◆ Prompt: Transcribe each of the records below exactly, excluding all pictures.

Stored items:
┄┄┄┄┄┄┄┄┄┄┄┄┄┄┄┄┄┄┄┄

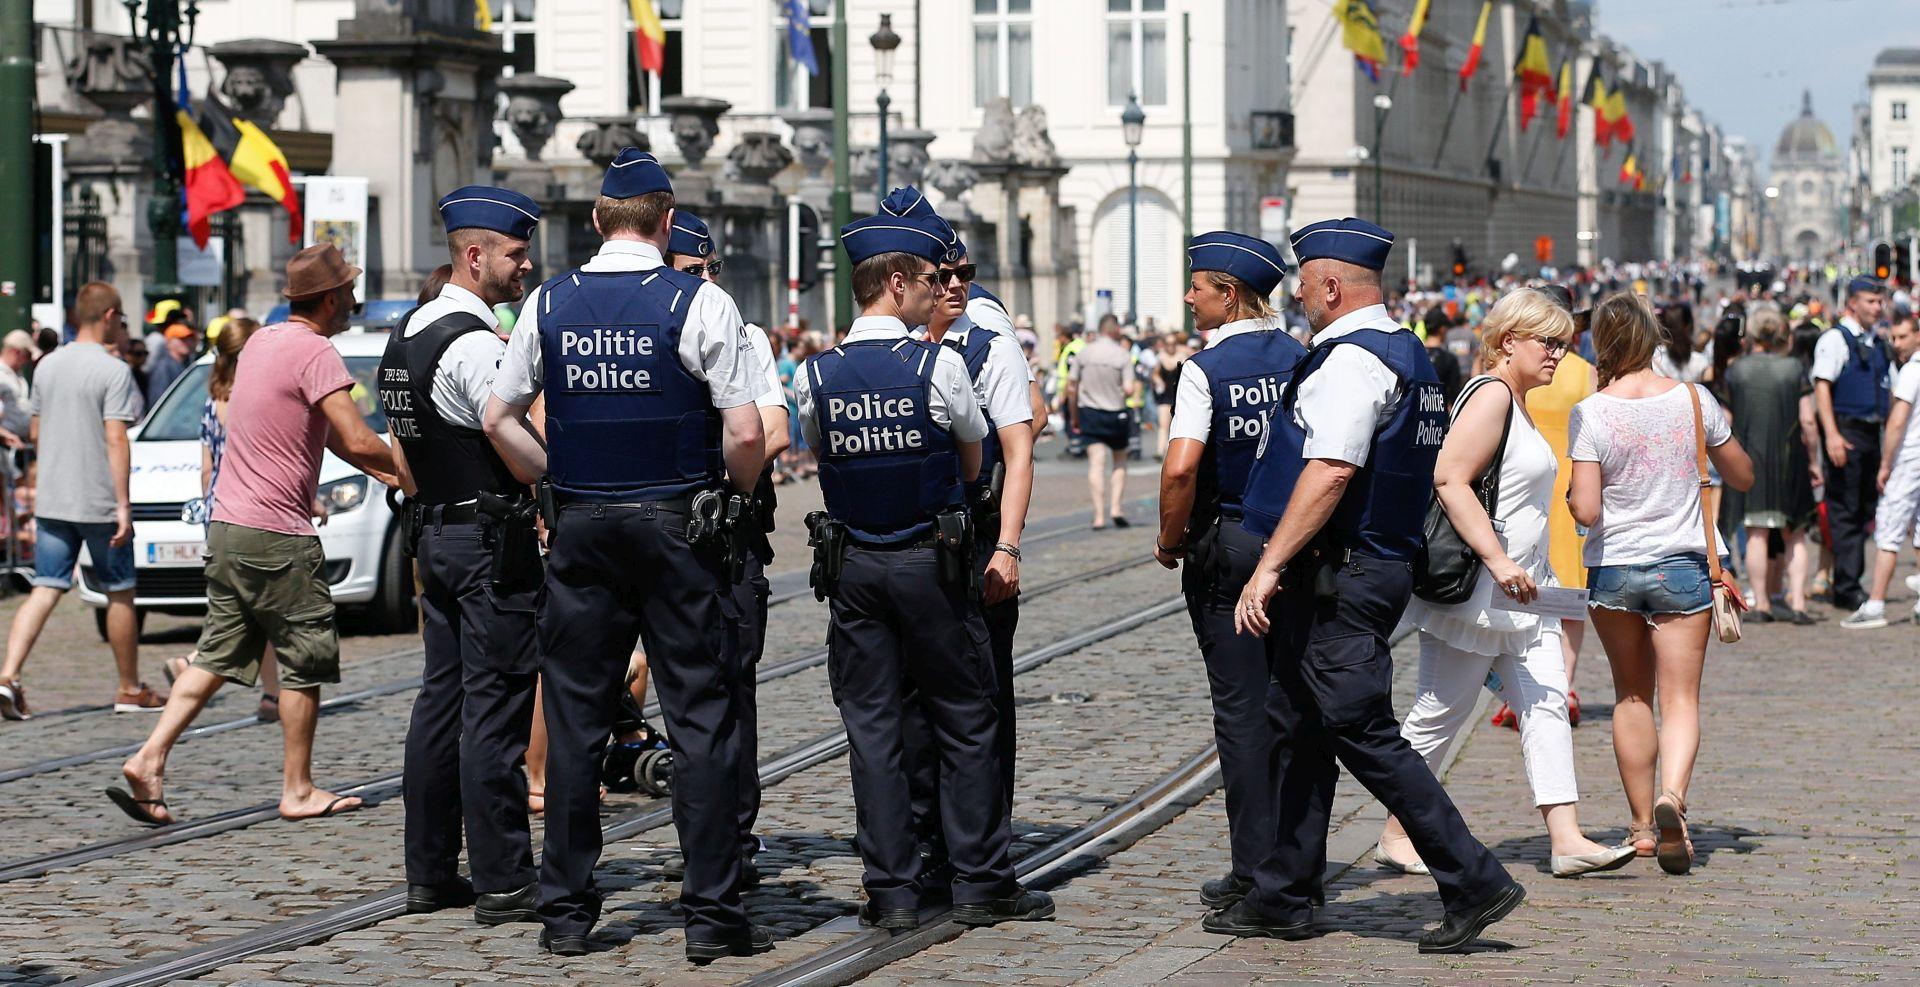 BRUXELLES Izbodena dva policajca, sumnja se na teroristički čin
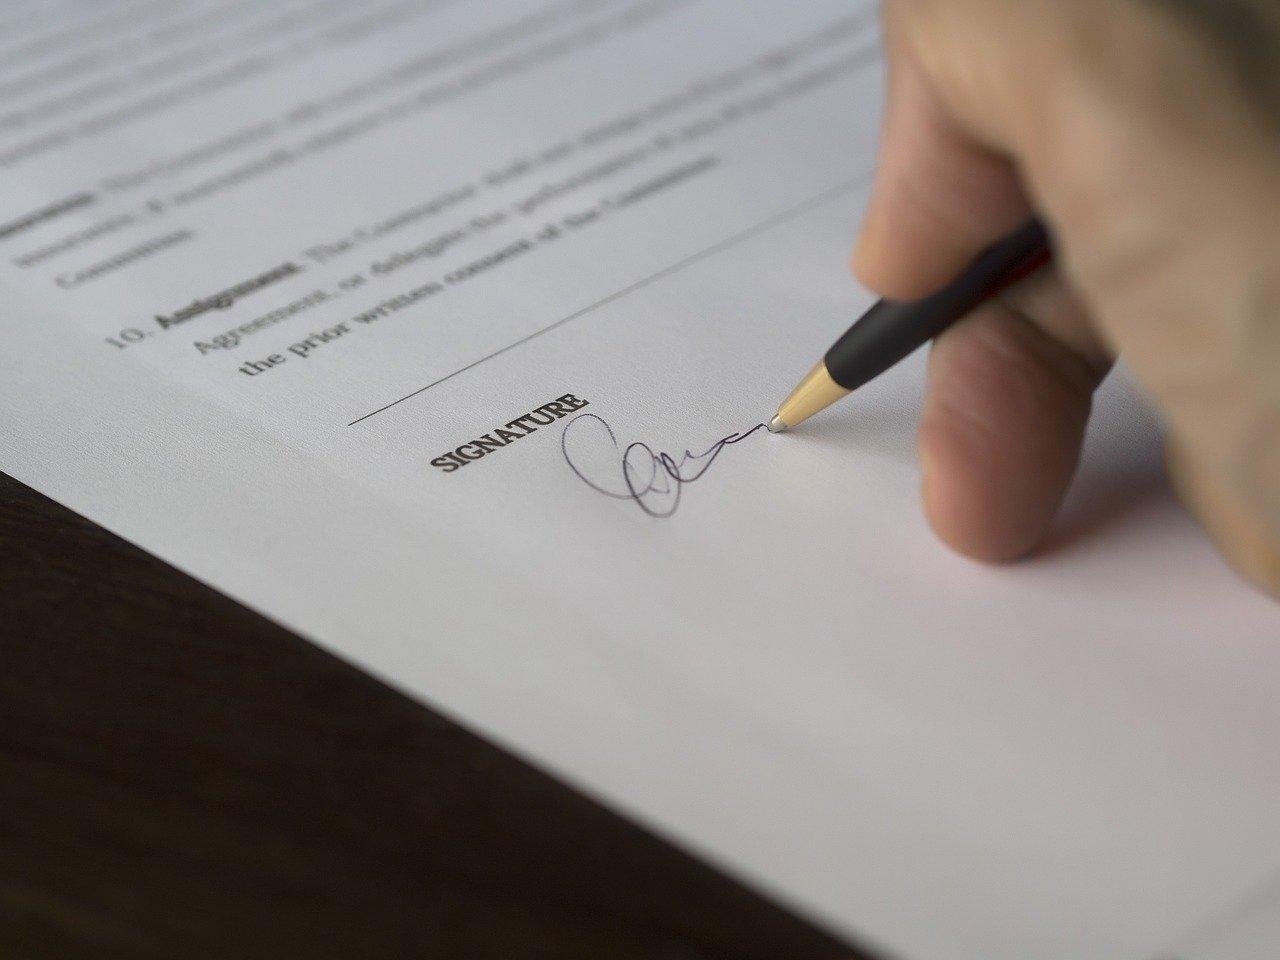 Dématérialisation des documents, un enjeu de la responsabilité sociale des entreprise
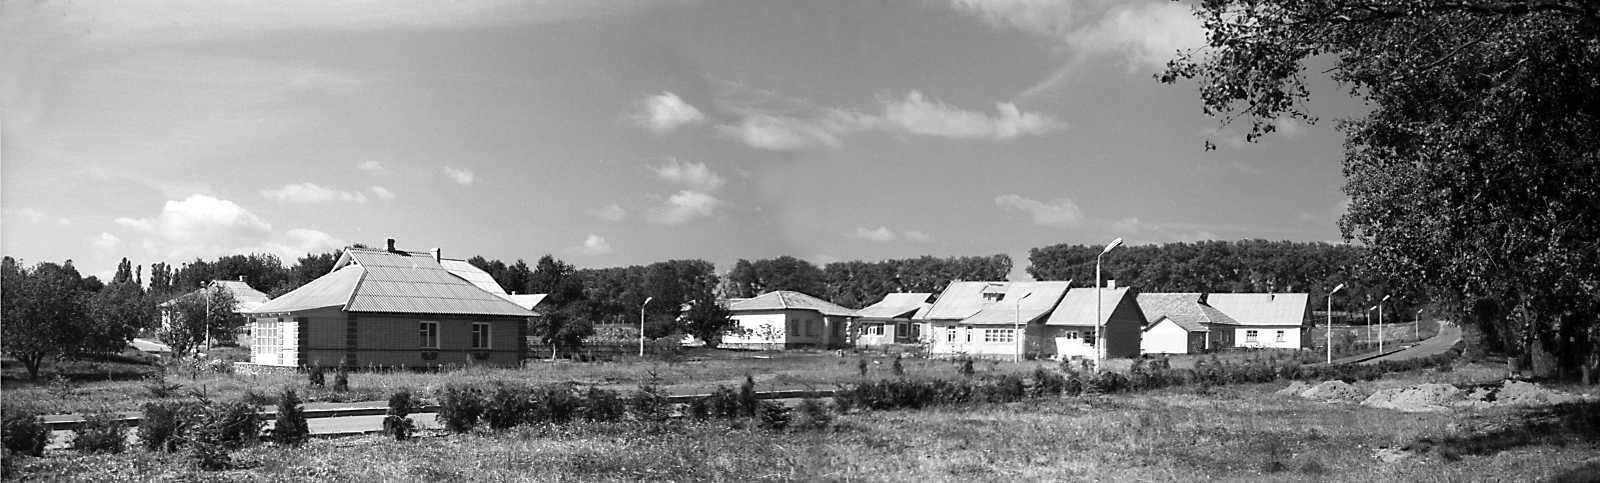 1980 р. Панорама з північного сходу
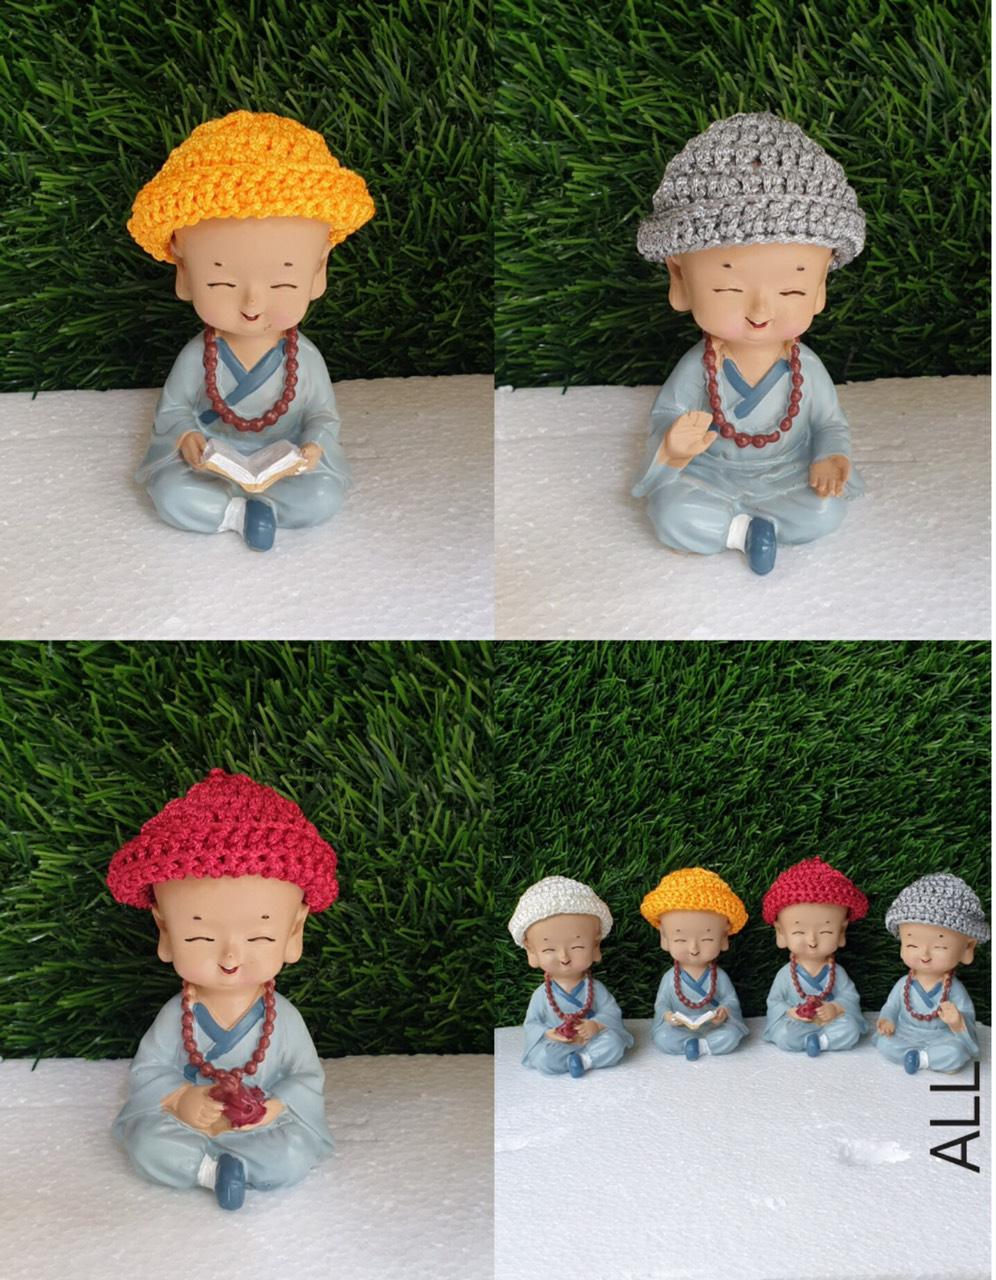 tượng chú tiểu vui nhộn mẫu ngẫu nhiên đội nón len chùa
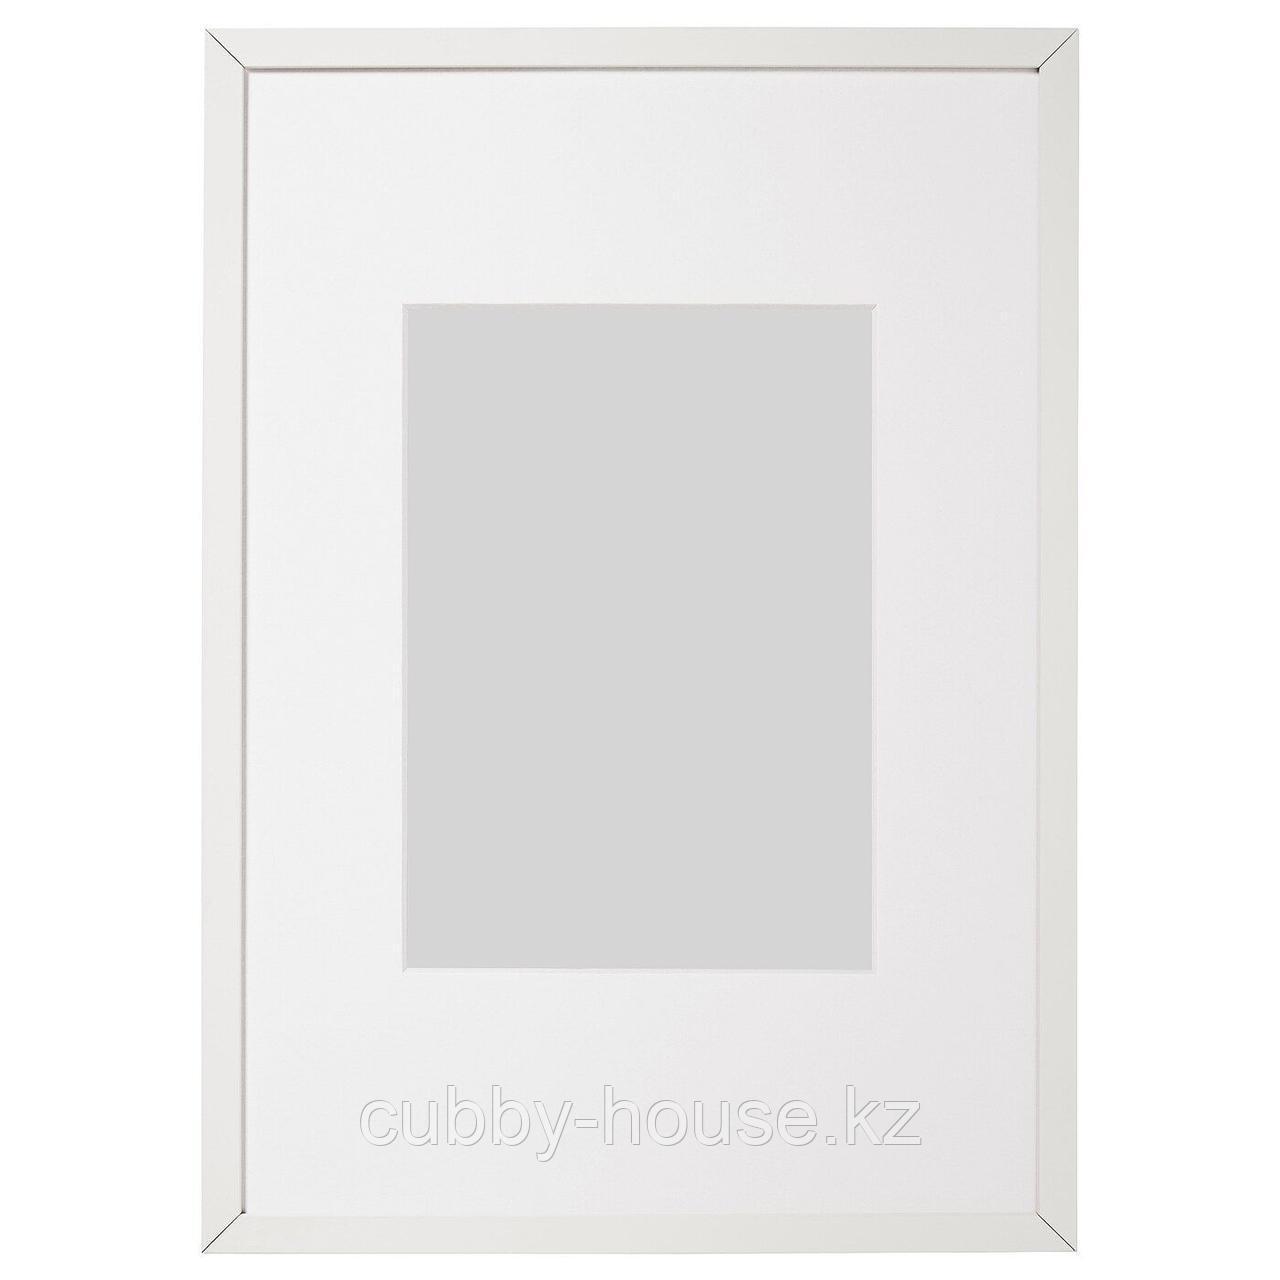 ЛОМВИКЕН Рама, белый, 40x50 см
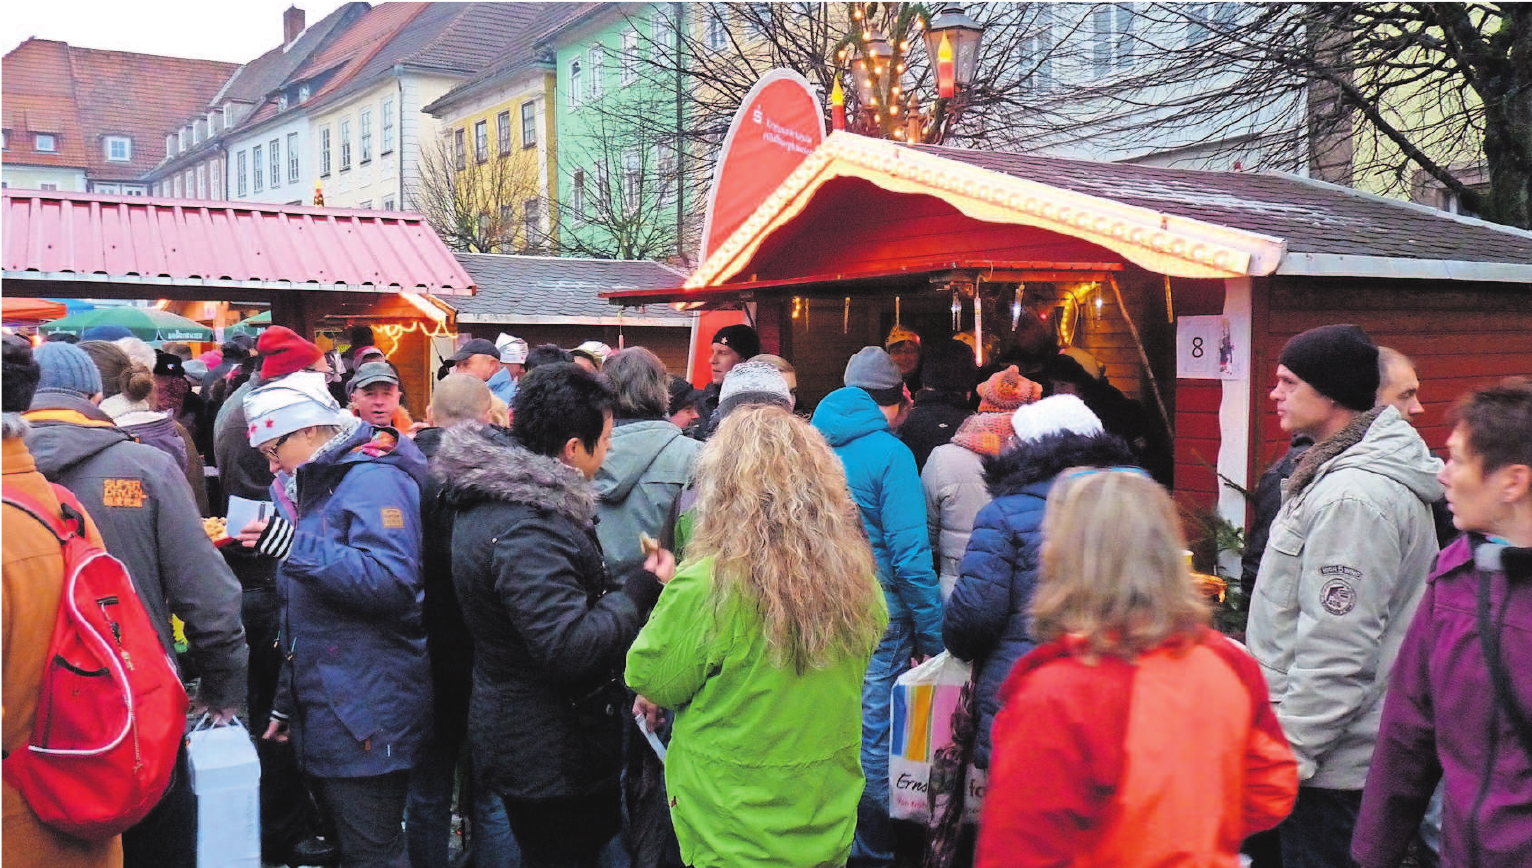 Herzlich willkommen zum Gänselieschen Glühweinmarkt in Hildburghausen. Foto: Archiv/Werbering

┄┄┄┄┄┄┄┄┄┄┄┄┄┄┄┄┄┄┄┄

◆ Output of the exercise:
 BRUXELLES Izbodena dva policajca, sumnja se na teroristički čin
 Dématérialisation des documents, un enjeu de la responsabilité sociale des entreprise
 1980 р. Панорама з північного сходу
 tượng chú tiểu vui nhộn mẫu ngẫu nhiên đội nón len chùa
 ЛОМВИКЕН Рама, белый, 40x50 см
 Herzlich willkommen zum Gänselieschen Glühweinmarkt in Hildburghausen. Foto: Archiv/Werbering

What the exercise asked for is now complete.